La donna era identificata come “di razza mista” ma è risultata comunque compatibile al trapianto. Il sangue del cordone ombelicale però non richiede una stretta corrispondenza: un dato che dimostra come il sangue del cordone ombelicale non ha bisogno di essere abbinato rigorosamente come le cellule staminali di un donatore adulto.

Era il 2017 e poco tempo dopo l’intervento, la vita della donna è letteralmente cambiata. A distanza di quasi 3 anni ha smesso di assumere la terapia antiretrovirale per l’HIV e 14 mesi dopo il virus non era più rilevabile.

Le cellule del cordone ombelicale si sono integrate con il suo organismo nel giro di 100 giorni e non sono stati registrati sintomi di rigetto, proprio come successo per i due pazienti precedenti, anch’essi trattati con sangue caratterizzato dalla stessa mutazione CCR5-delta32/32. A differenza della donna, però, nessuno dei due aveva ricevuto sangue del cordone ombelicale.

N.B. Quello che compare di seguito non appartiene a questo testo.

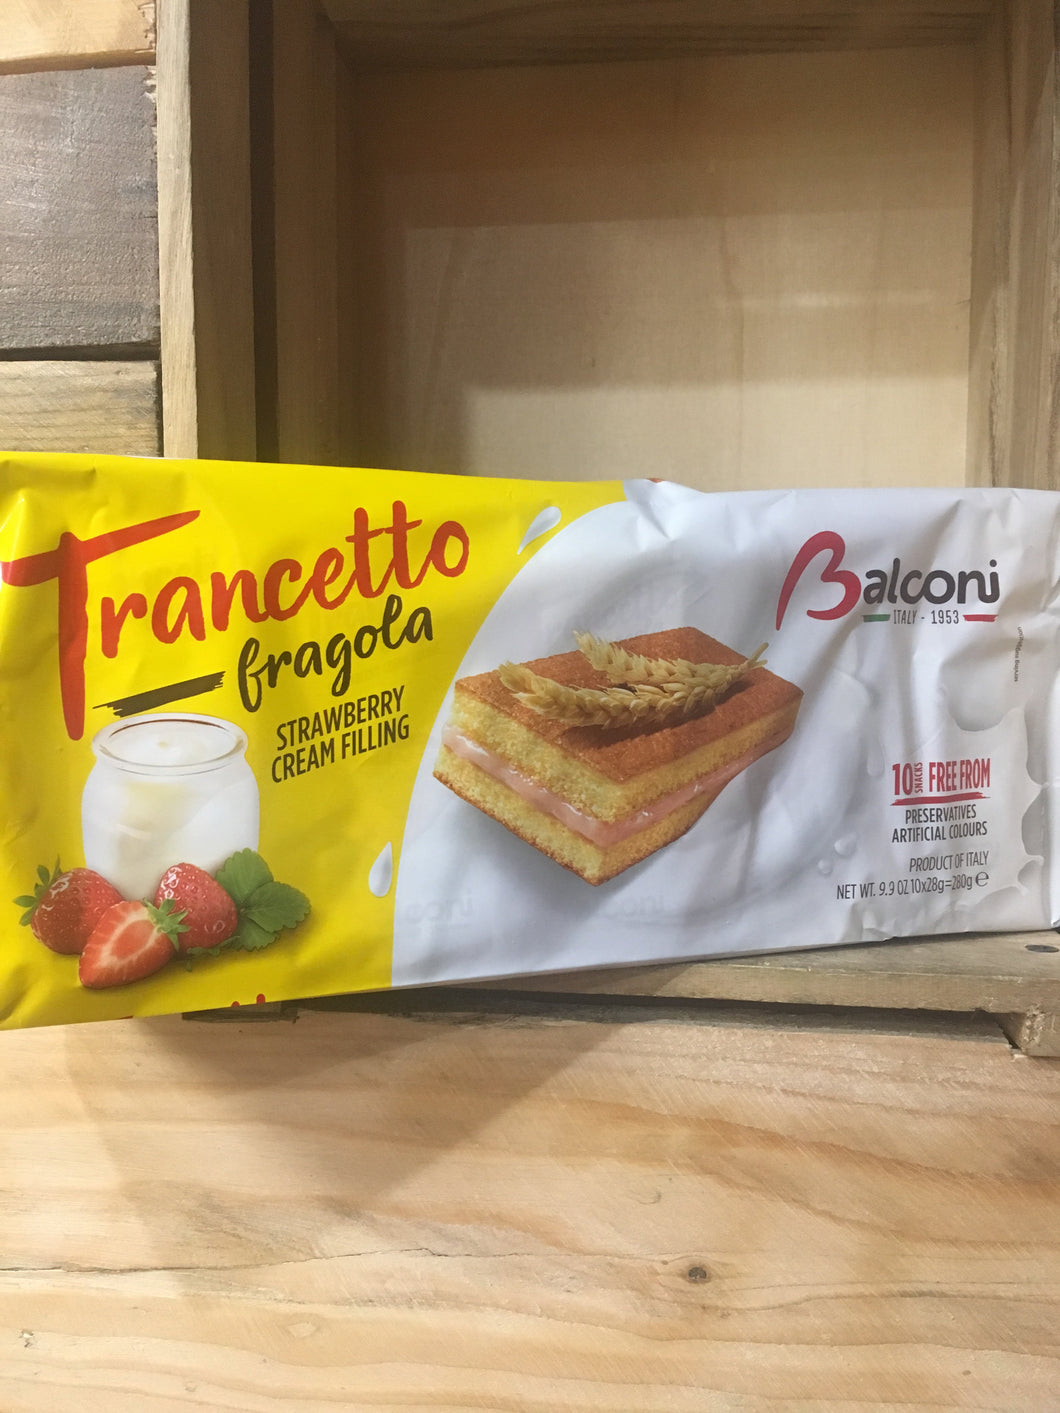 Balconi Trancetto Fragola Strawberry Cream Filling 10 Mini Cakes 280g

Non solo. Da 4 anni e mezzo la donna è anche in remissione della leucemia mieloide acuta.

Come ti dicevo prima, però, non possiamo ancora esclamare "Eureka": non abbiamo ancora trovato una cura contro l'infezione da HIV.

I ricercatori americani hanno spiegato che questo approccio con due trapianti di staminali diversi potrebbe applicarsi solo a una piccola frazione di persone con HIV, circa 50 all’anno: ovvero pazienti contemporaneamente affetti sia da IV che da leucemia.

Questo trattamento infatti non può essere applicato a chi non necessiti di un trapianto dal momento che potrebbe anche essere fatale nel 20% dei casi.

Non siamo ancora, insomma, di fronte a una soluzione per gli oltre 36 milioni di persone che oggi vivono con l’HIV. La storia della donna newyorkese però può dare spunti e nuovi obiettivi alla scienza. Un passo alla volta.